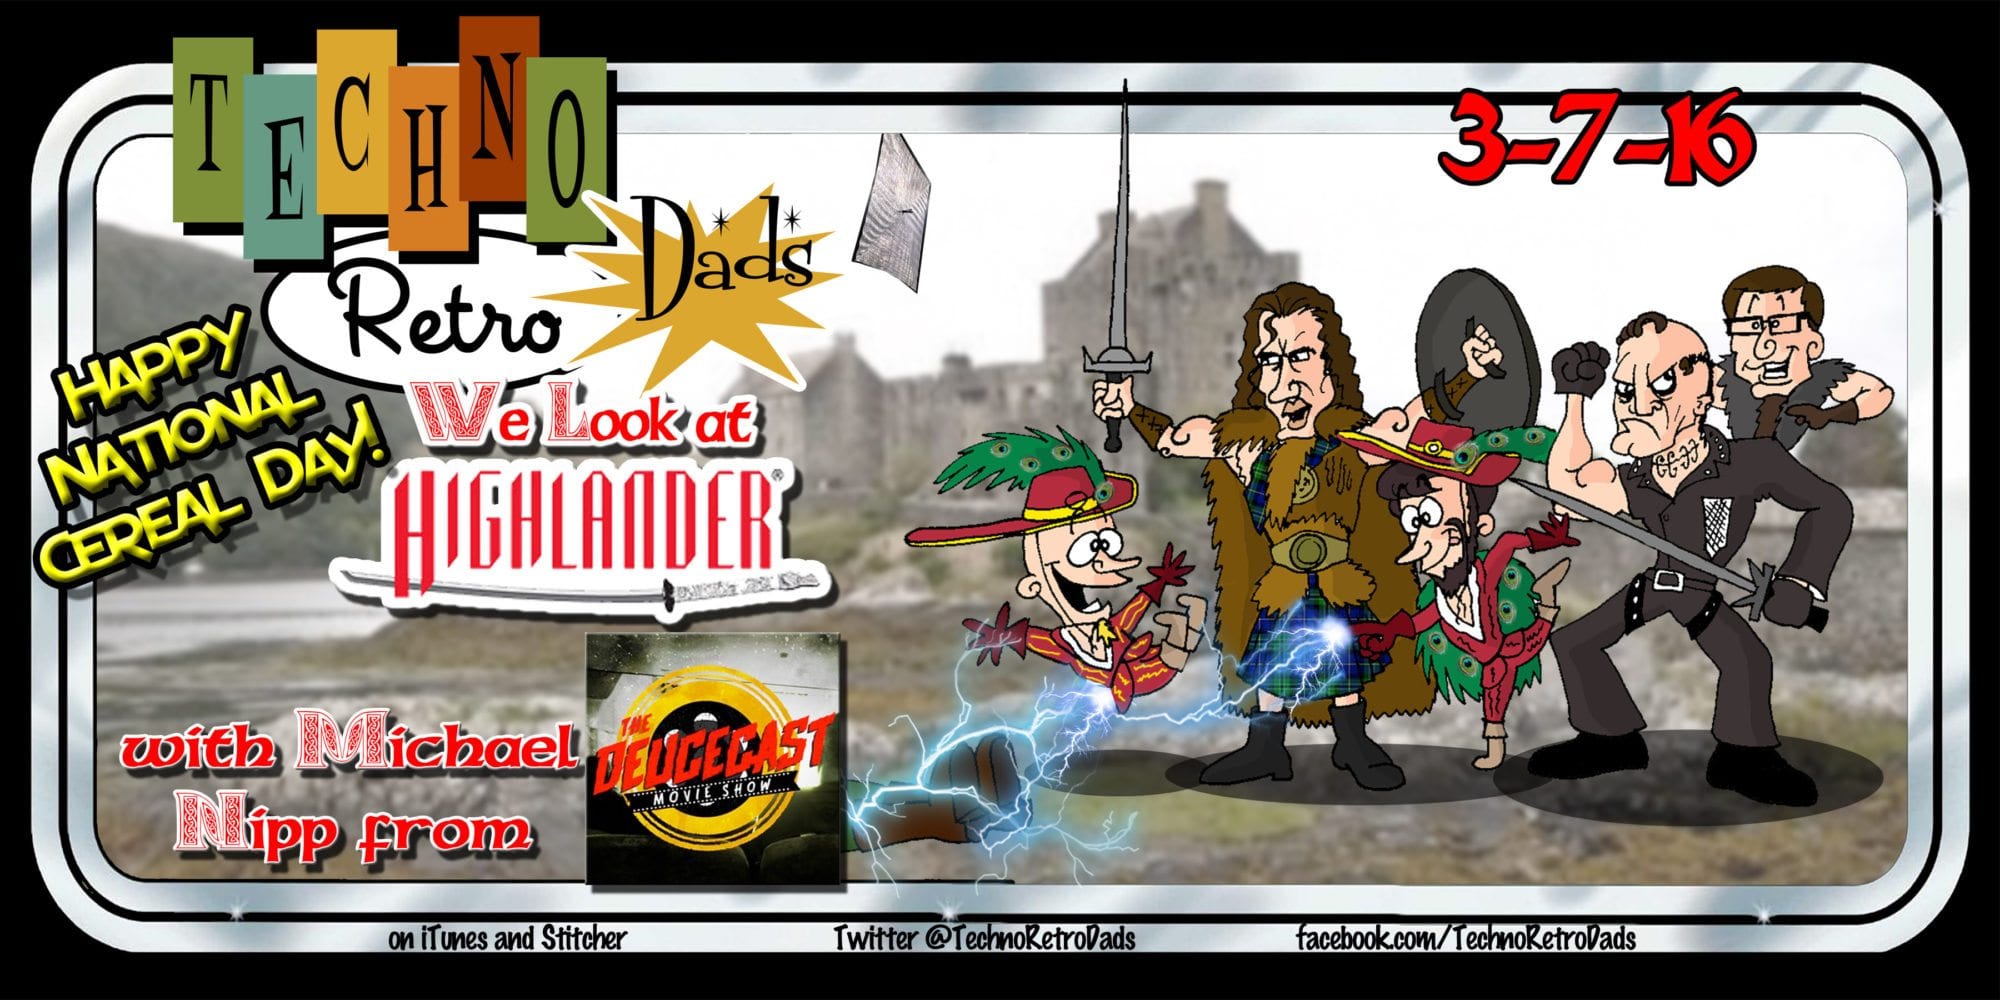 TechnoRetro Dads Remember 30 Years of Highlander with Michael Nipp
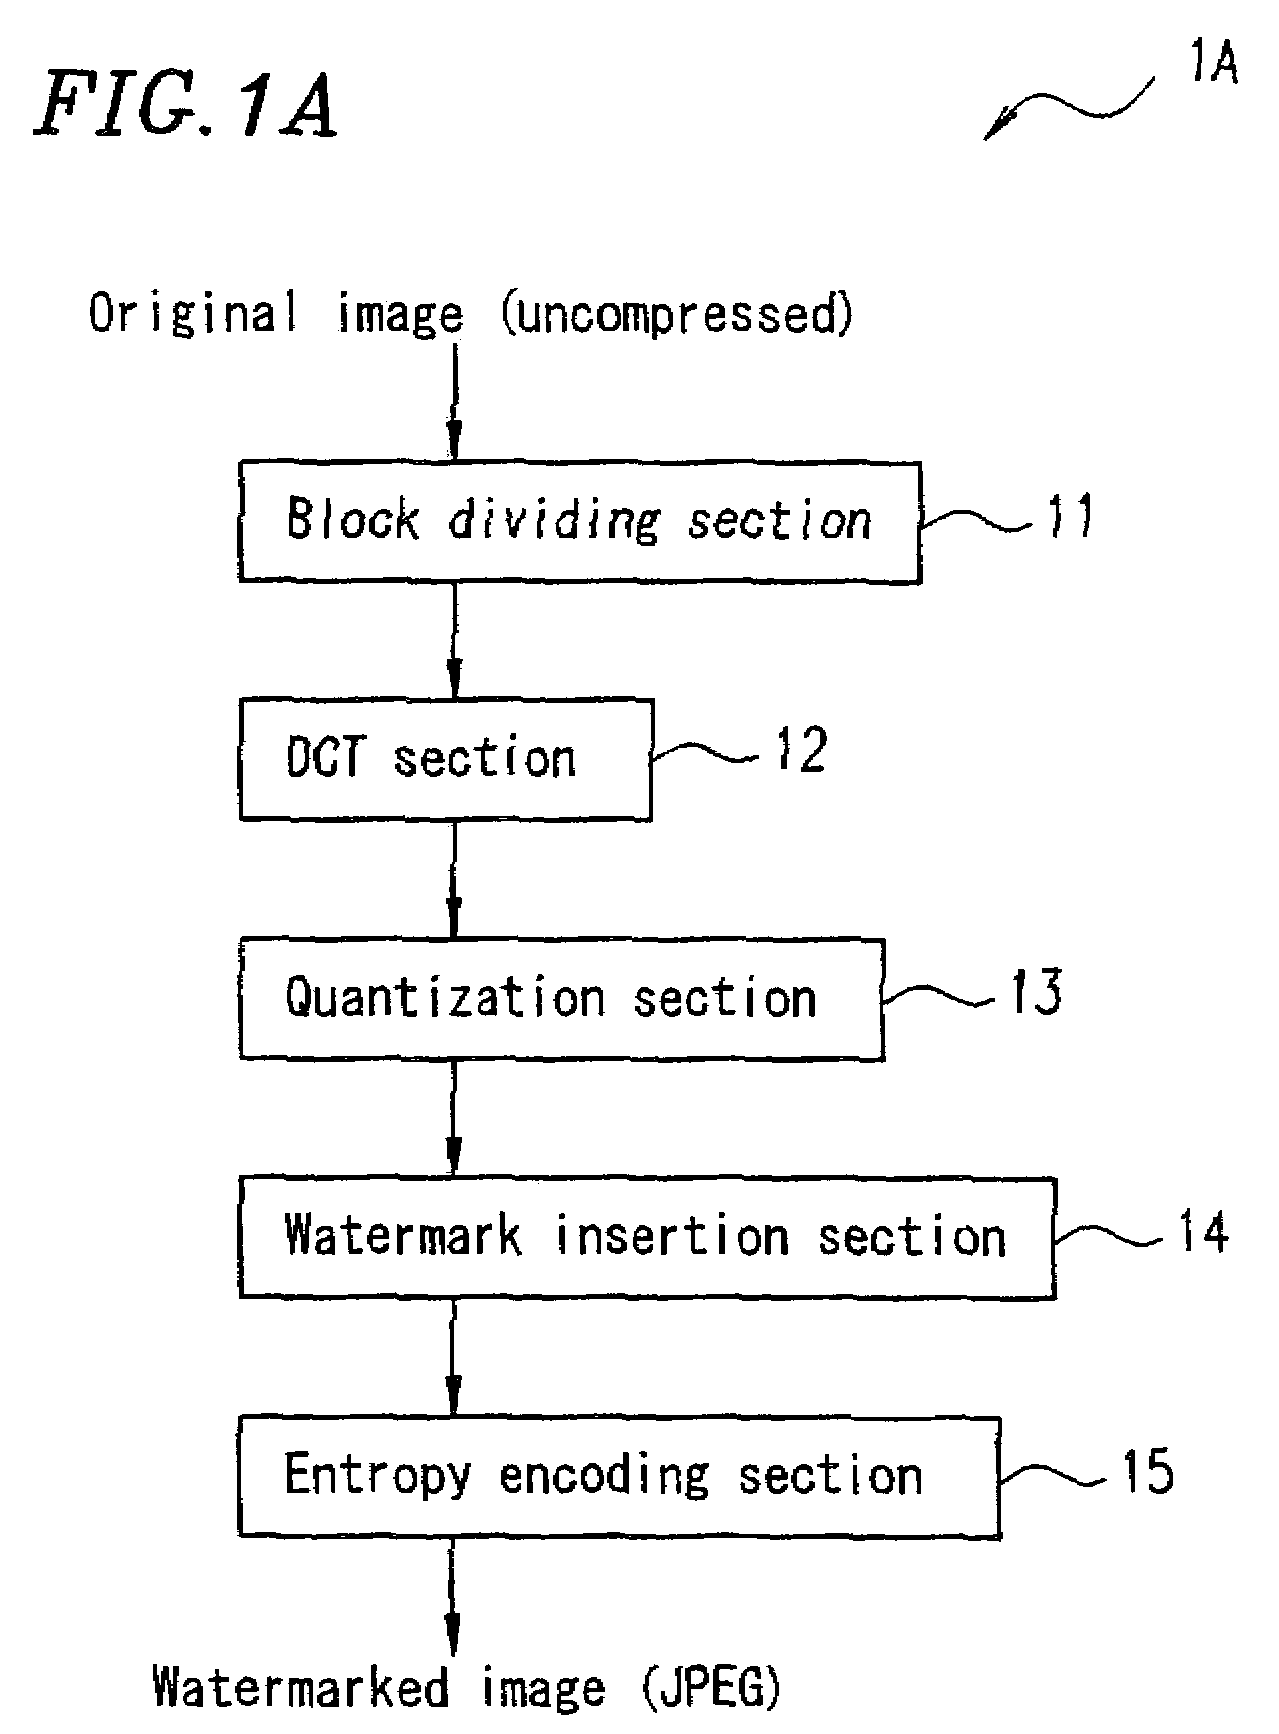 Image processing apparatus, image processing system, electronic information apparatus, image processing method, control program, and computer-readable recording medium
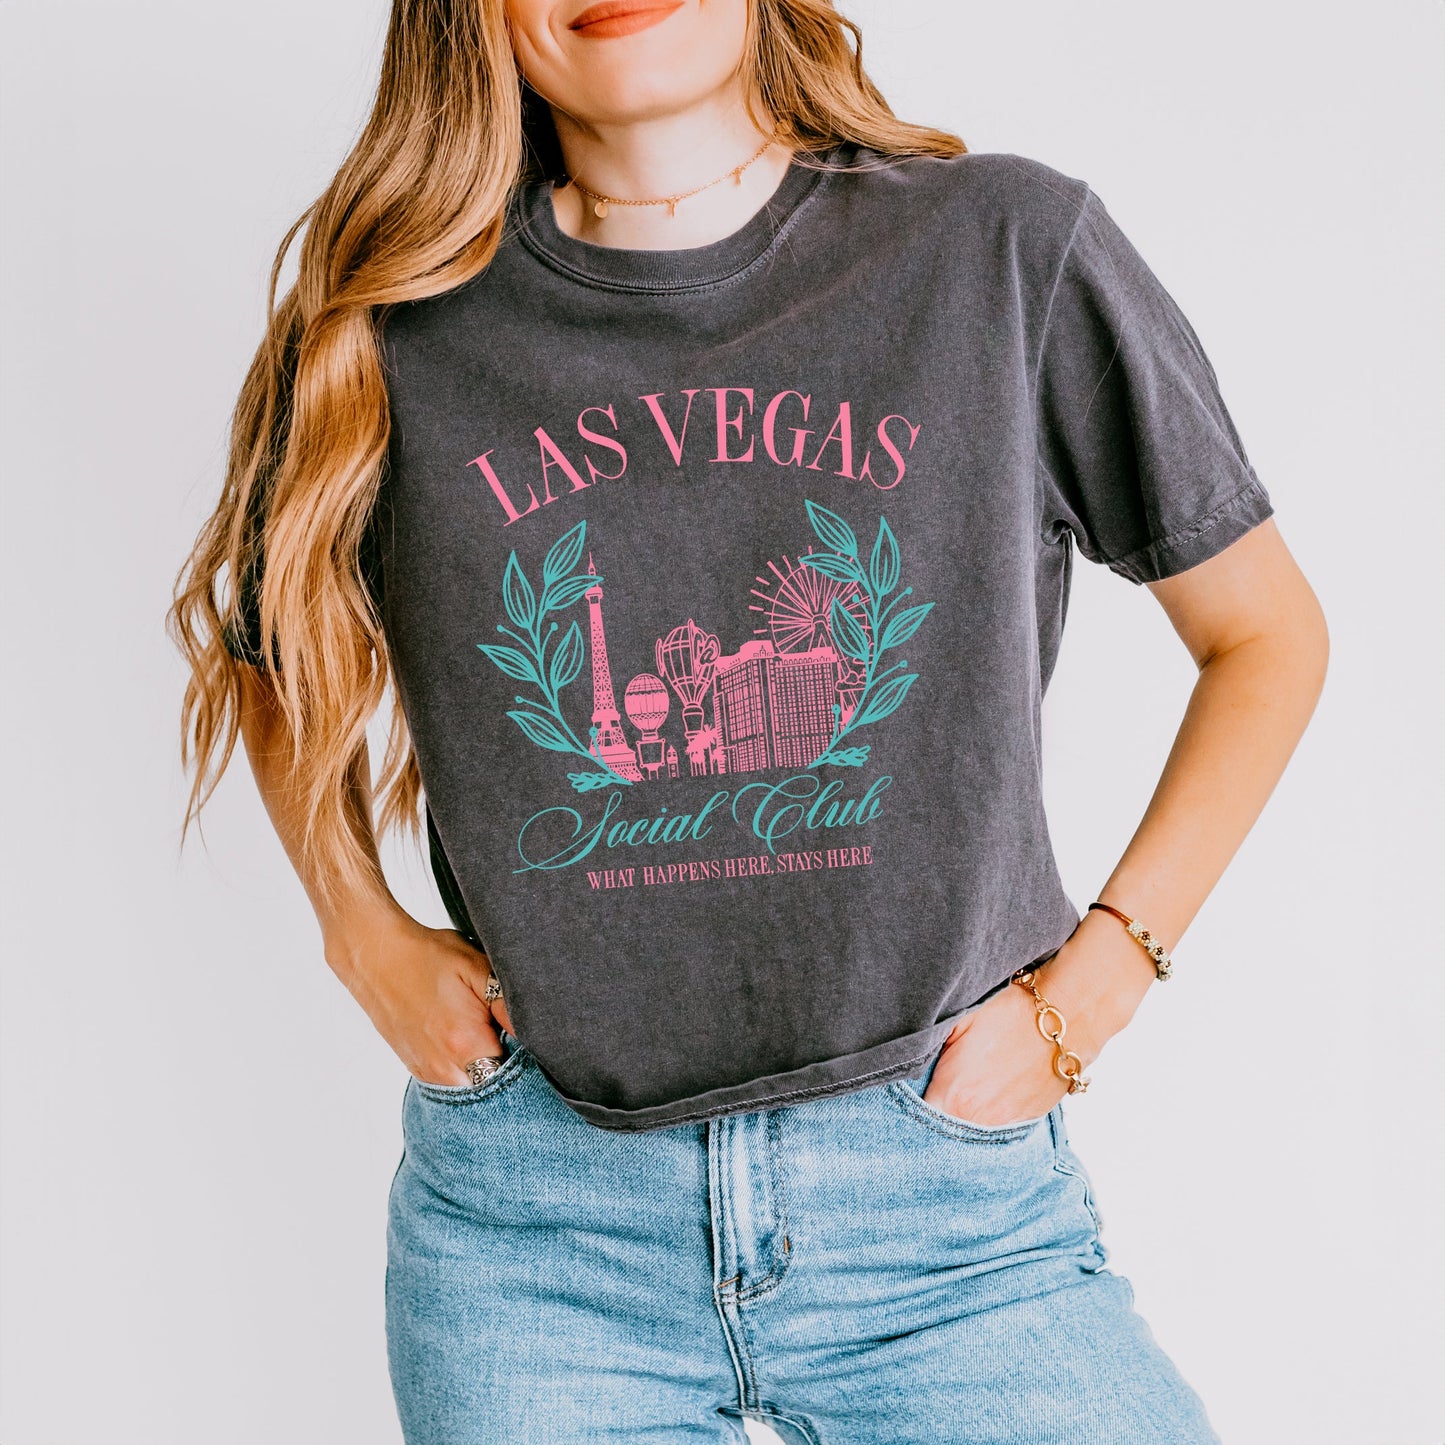 Las Vegas Social Club | Relaxed Fit Cropped Tee

**Prompt**
Write out each line again, exactly as it appears above, except for any picture.

**Solved problem**
 TechnoRetro Dads Remember 30 Years of Highlander with Michael Nipp
 Image processing apparatus, image processing system, electronic information apparatus, image processing method, control program, and computer-readable recording medium
 Las Vegas Social Club | Relaxed Fit Cropped Tee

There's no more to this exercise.